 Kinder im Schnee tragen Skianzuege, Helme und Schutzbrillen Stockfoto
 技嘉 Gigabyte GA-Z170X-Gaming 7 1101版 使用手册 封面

--

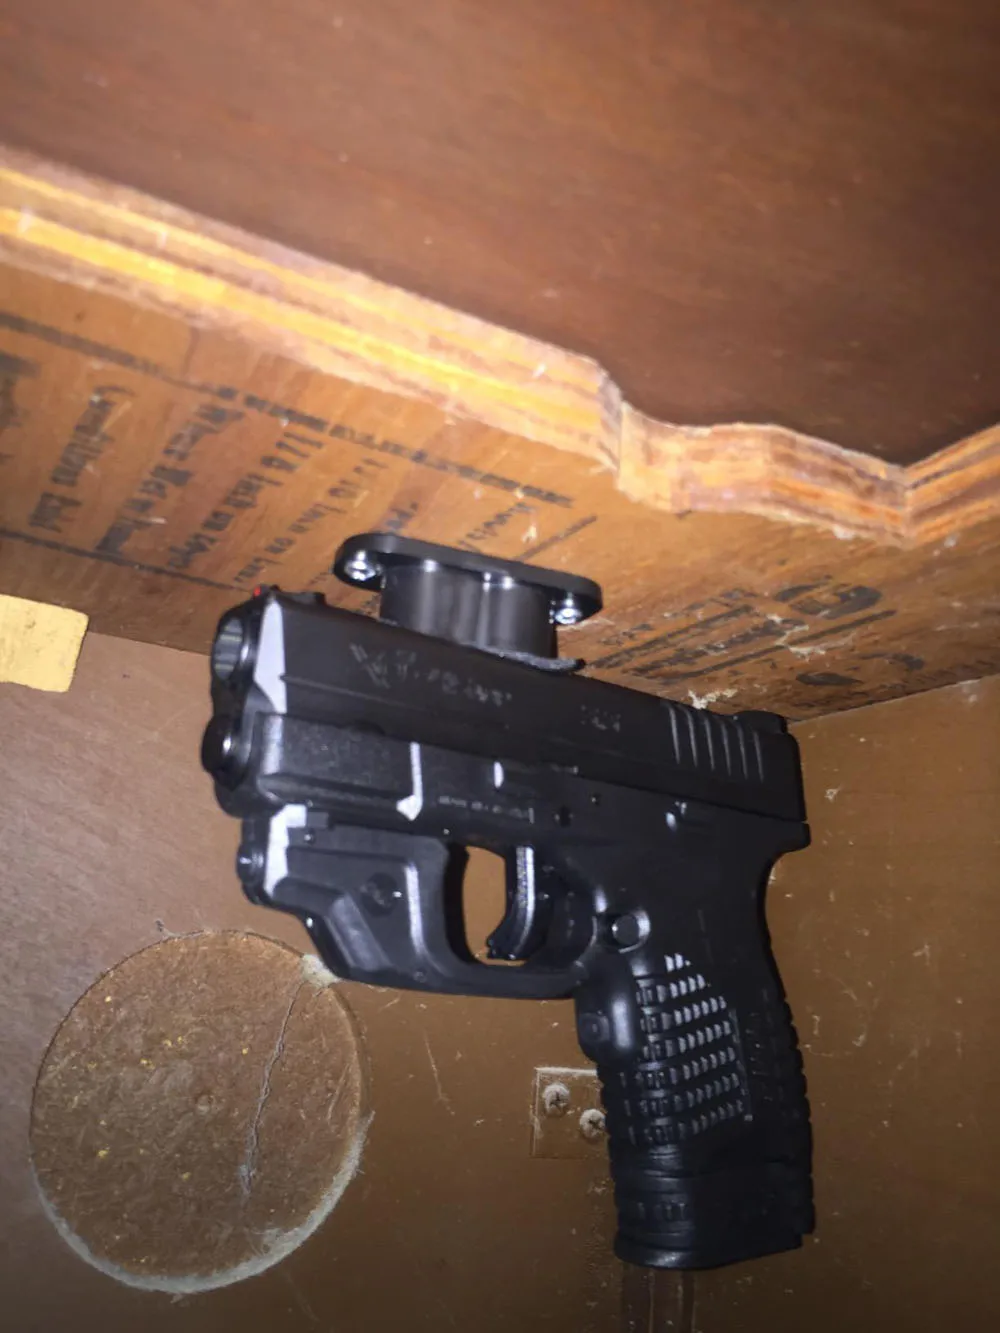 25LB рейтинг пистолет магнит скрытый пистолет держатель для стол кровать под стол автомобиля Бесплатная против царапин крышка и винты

> [Task]
When you reach the line containing "Kinder im Schnee" in the data above, start copying exactly, and stop after the line containing "技嘉 Gigabyte GA-Z170X-Gaming 7 1101版 使用手册 封面".

> [Reply to the exercise]
 Kinder im Schnee tragen Skianzuege, Helme und Schutzbrillen Stockfoto
 技嘉 Gigabyte GA-Z170X-Gaming 7 1101版 使用手册 封面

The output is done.